Using behavioral markers to identify audience members who are mismatched to a study allows us to make an informed decision about whether to keep their responses, and whether to select those people for studies where they might be a better fit.
In other words, we now know more about who these respondents are, what kind of risk they represent to any given study, and how to account for it — whether that’s exclusion, or simply more selective matching.
These capabilities are only growing. DataForce, our platform for participant recruitment and management, has built a profiling system containing nearly 1,000 targetable attributes to optimize respondent-to-activity fit. This level of specificity is unprecedented.
The result is better data and a better respondent experience. A person who arrives at a survey that’s actually relevant to their life and their interests is more engaged. More engaged respondents give more careful, more accurate answers. The quality of the data, and the quality of the experience for the person providing it, align.
The Human Impact Of Leading With Suspicion
The industry’s survey data quality problem is in large part a human experience problem. Questioning survey respondent quality puts the onus on research participants, when we should be looking at the experience we’re delivering for these people.

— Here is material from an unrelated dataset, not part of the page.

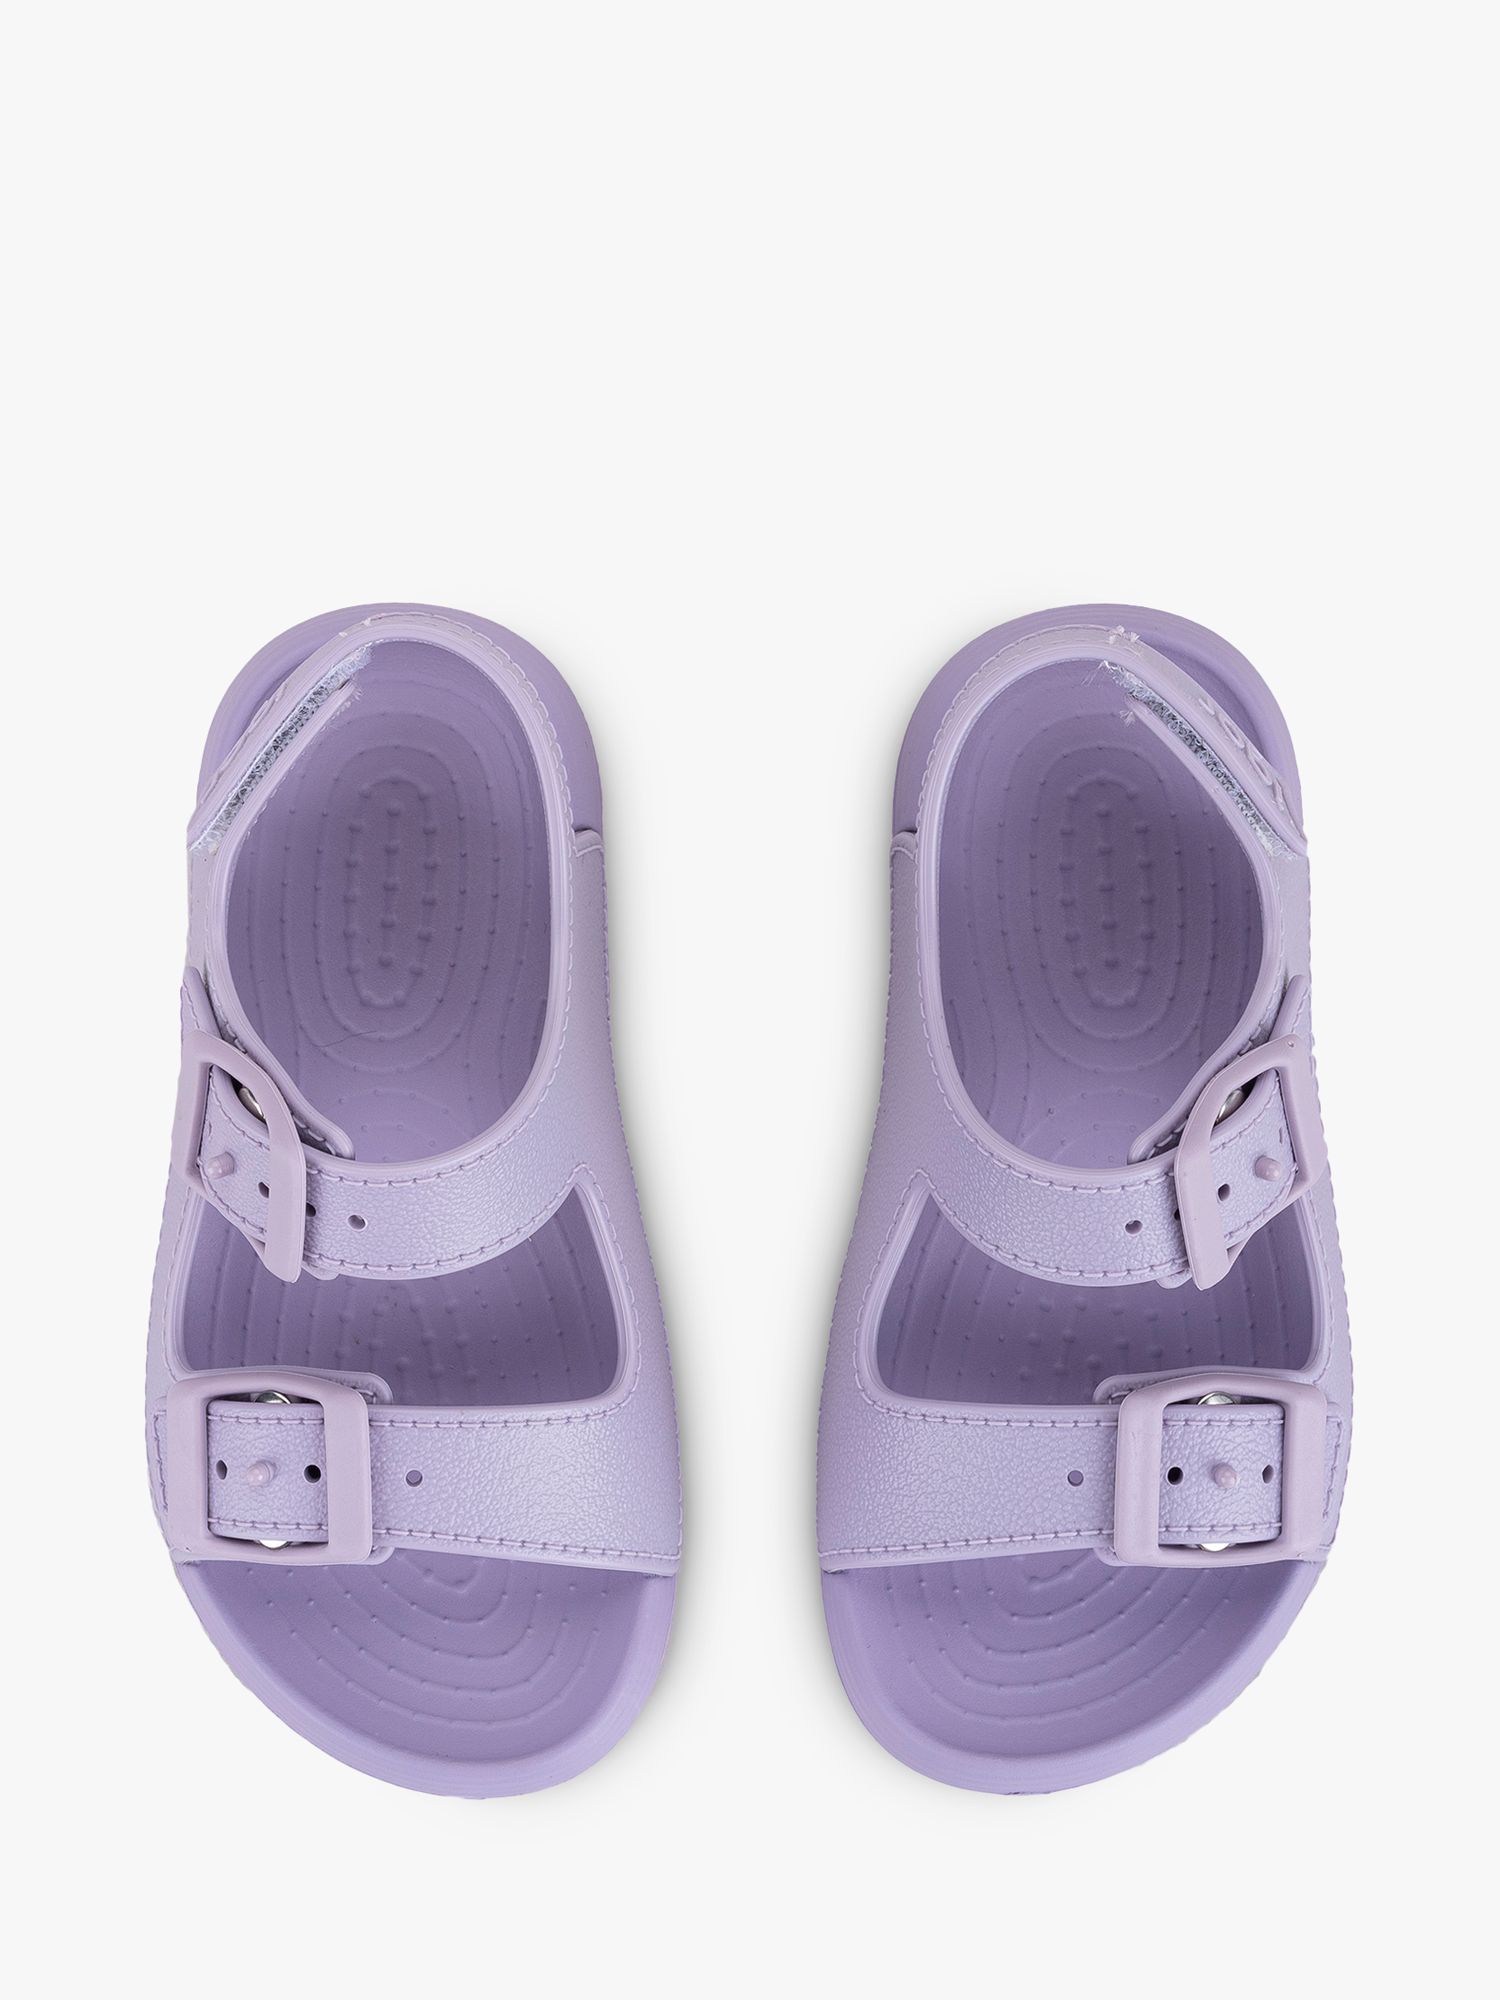 IGOR Maui Lightweight Waterproof Sandals, Lilac, EU28

Audience providers and researchers assume that the risk of letting in bad respondents outweighs the cost of subjecting everyone to the same suspicion. That’s why attention checks, captchas, speed traps, and red herrings are deployed uniformly, regardless of whether participants have behaved suspiciously after passing fraud checks.

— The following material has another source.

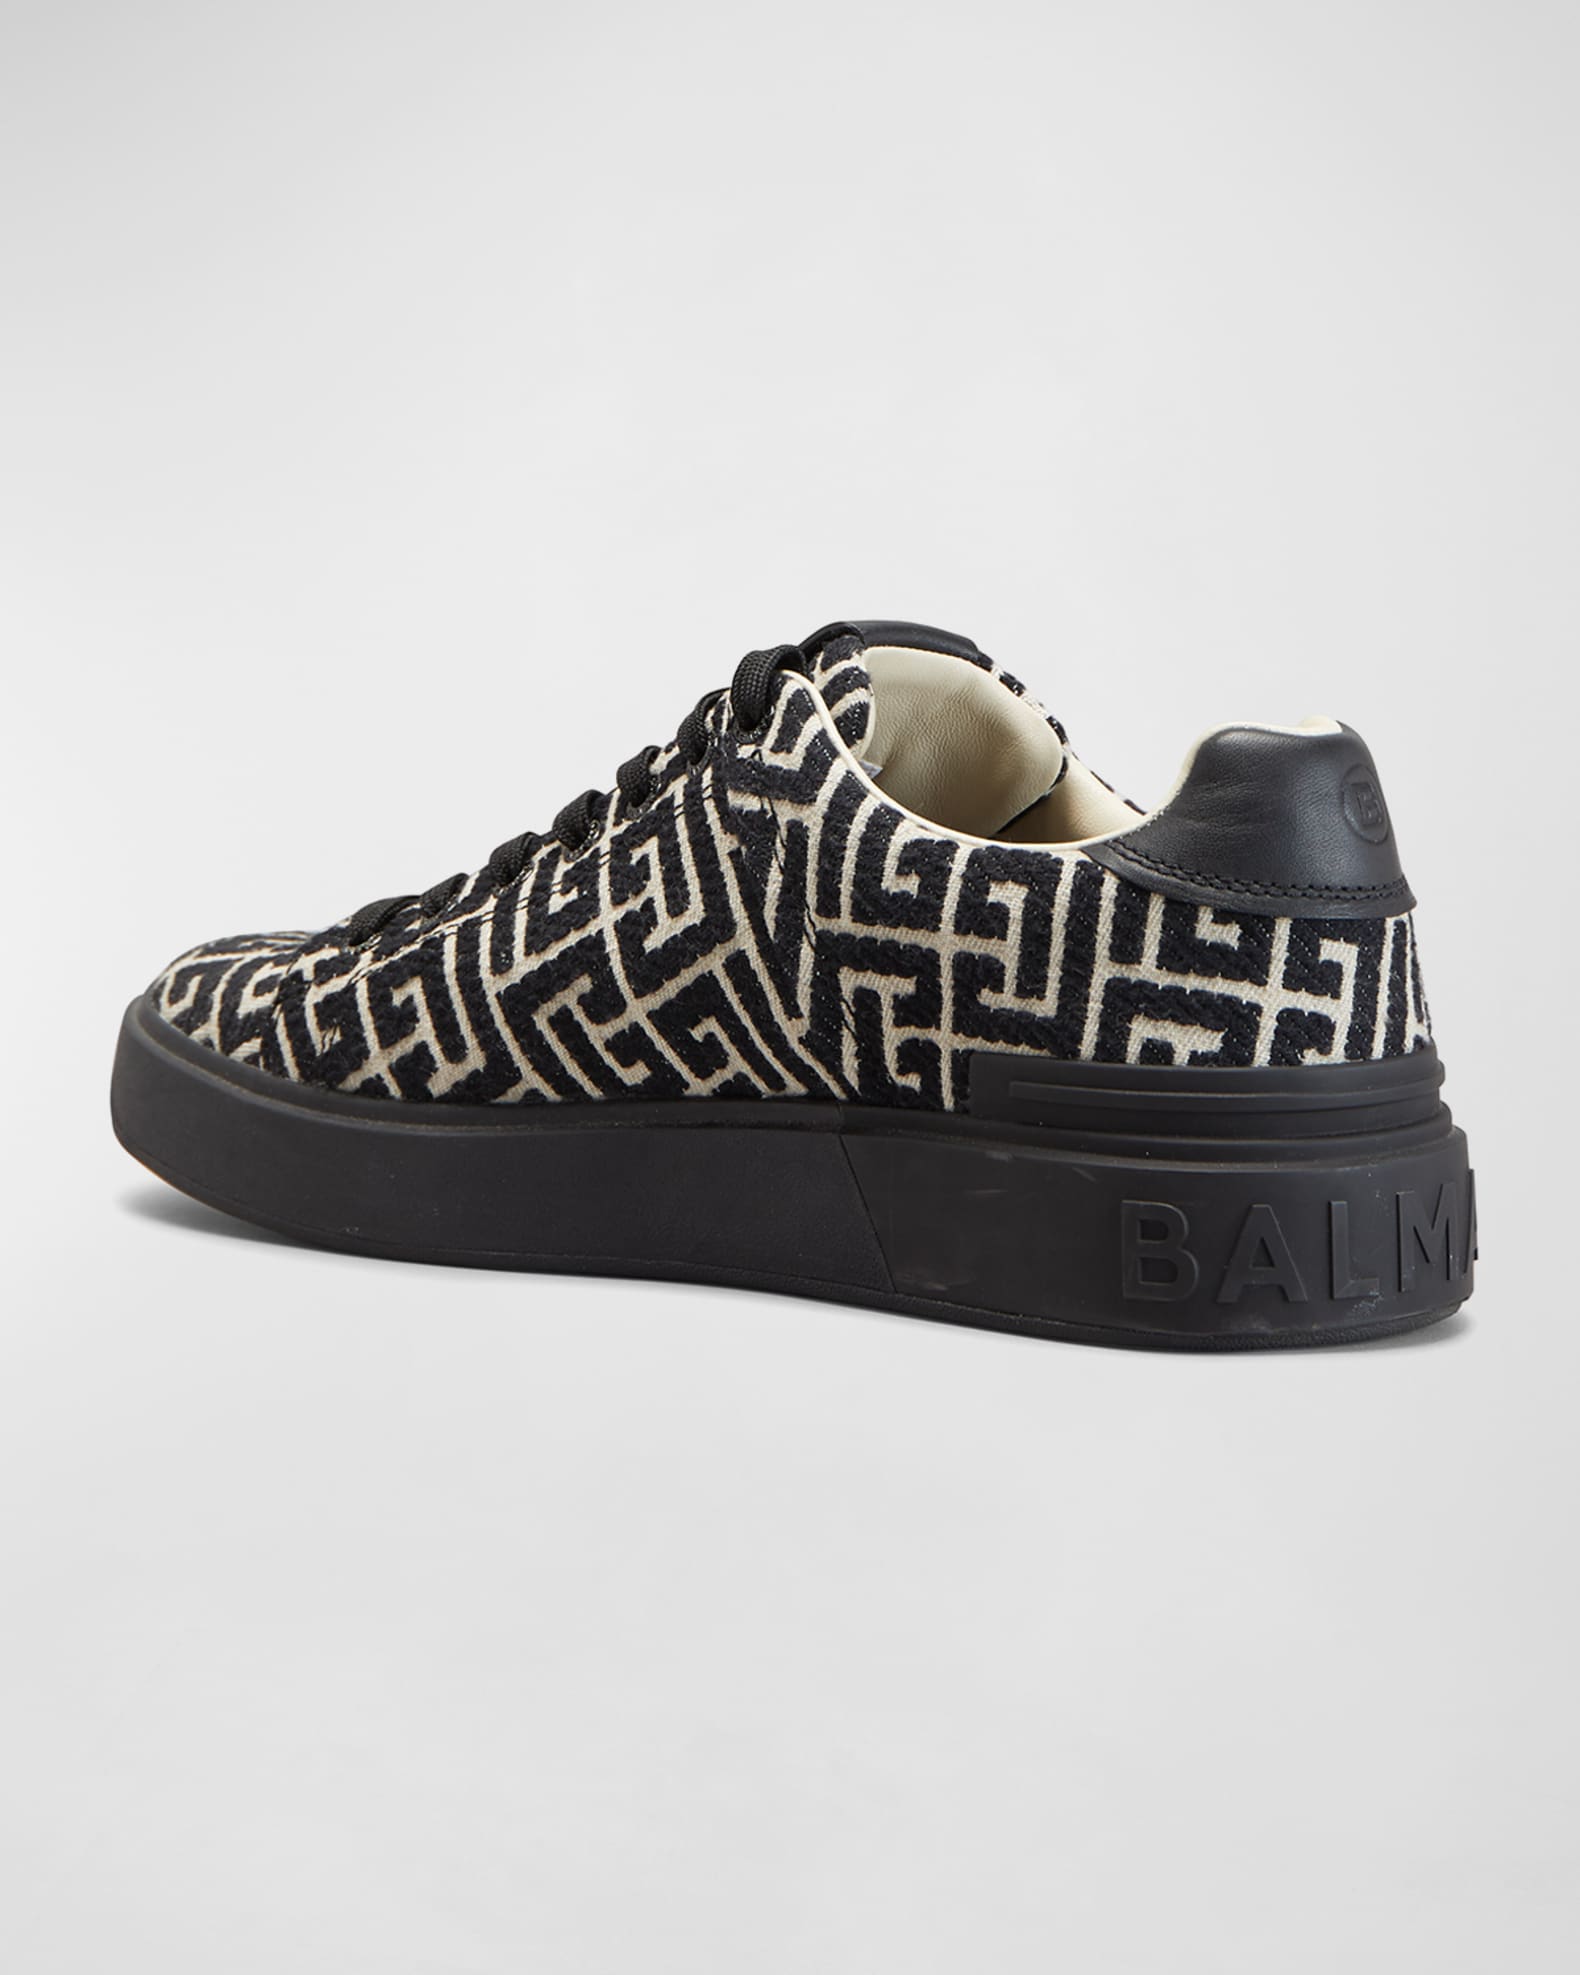 Balmain Men's B-Court Jacquard Monogram Low Top Sneakers | Neiman Marcus

But attention checks and speed traps take a real toll on a genuine participant’s experience. They slow the survey down and introduce friction for people who showed up to answer questions honestly.

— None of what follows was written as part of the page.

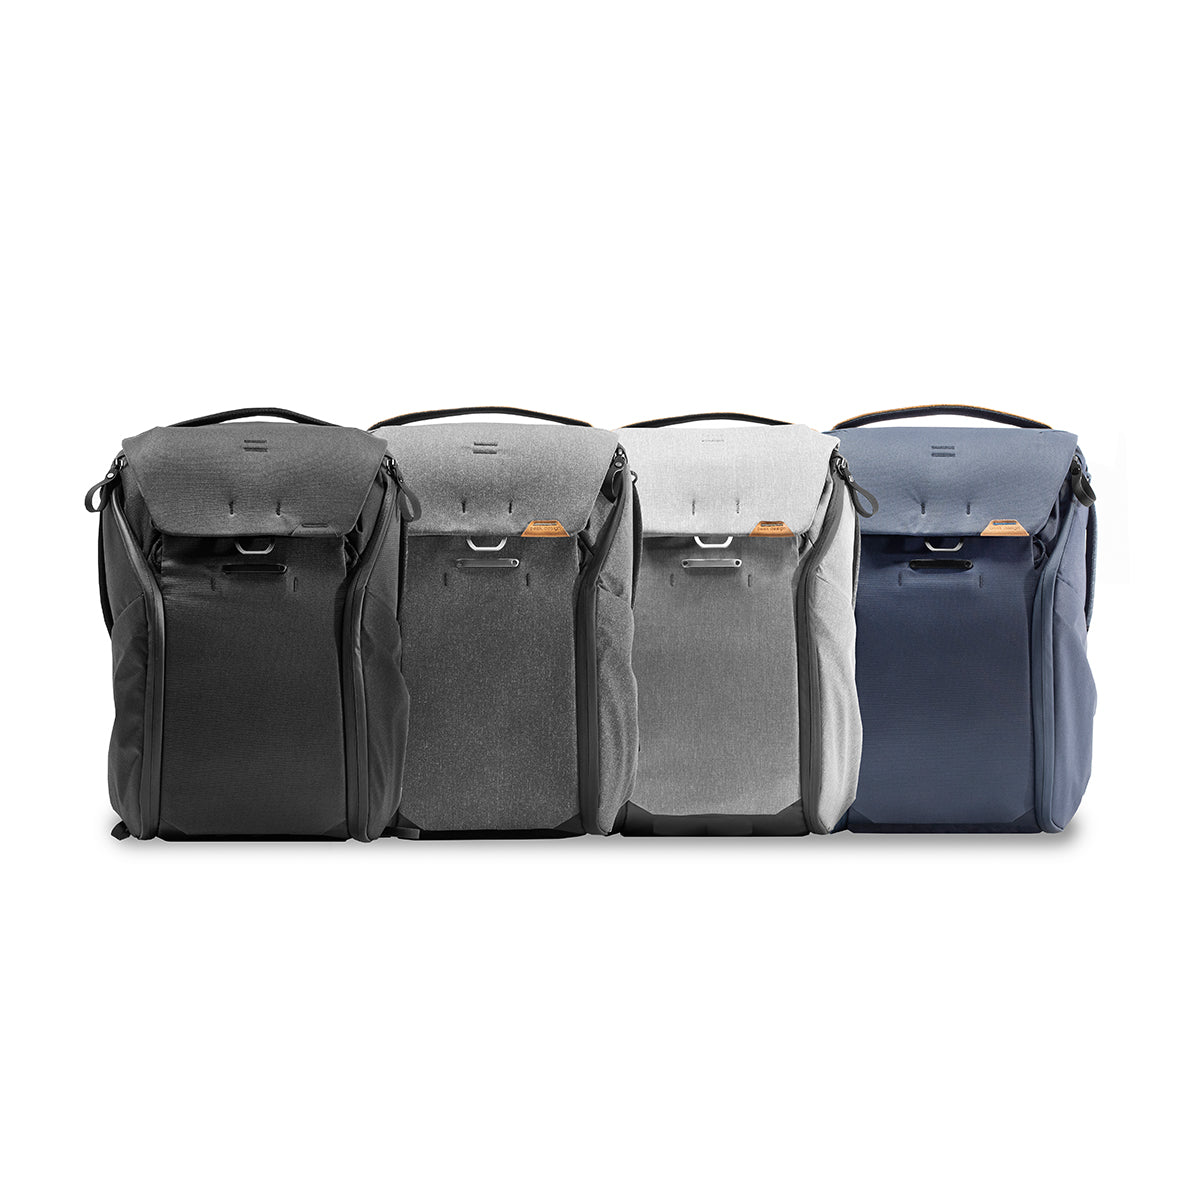 Peak Design Everyday Backpack 20L v2 - Charcoal

We want people to want to take surveys. But negative experiences have become the norm in online research over the years.
We want people to want to take surveys. But negative experiences have become the norm in online research over the years, and fewer and fewer people want to take surveys. Recruitment and participation are consistently challenging for firms, and that is just as much a factor in poor data quality in market research as fraud, if not more so.
Those who do keep participating often deliver lower-quality responses because they’re worn down. Meanwhile, participants with a unique tolerance for poor survey experience can’t be taken as representative of the general population.
“Keep or toss” is an increasingly unhelpful mindset for the online research industry. The next step forward for researchers is to think of research audiences primarily as people looking for the right place. We can vouch for the results.
When Removal Is the Right Answer
None of this argues against removal. Fraud detection is table stakes; there are respondents who are not appropriate for any study, whose answers are unreliable across contexts, and who should be excluded.
Instead, we’re calling for a higher burden of proof for removal. Removing a respondent for behavior inconsistent with the study’s subject matter is very different from removing a respondent because an algorithm flagged their IP address as suspicious.
Researchers who put that difference into practice will produce better data, recruit more effectively in the future, and give clients a clearer view of their methodology.
In addition to asking whether a respondent is out to game the system, ask whether they belonged in the study. Before removing them, ask whether you understand why their answers look the way they do. Before treating every respondent as a suspect, ask whether that’s the relationship you want to have with the people whose honest participation your research depends on.
Because research is a relationship with your audience, and data quality measures that relationship’s strength. Respondent matching is one of many tools meant to give that audience what they need: studies that match their interests, fair incentives, and a research experience that’s neither hostile nor burdensome, and empowers them to answer comfortably and effectively.
When you give your audience what they need, they’ll be sure to return the favor.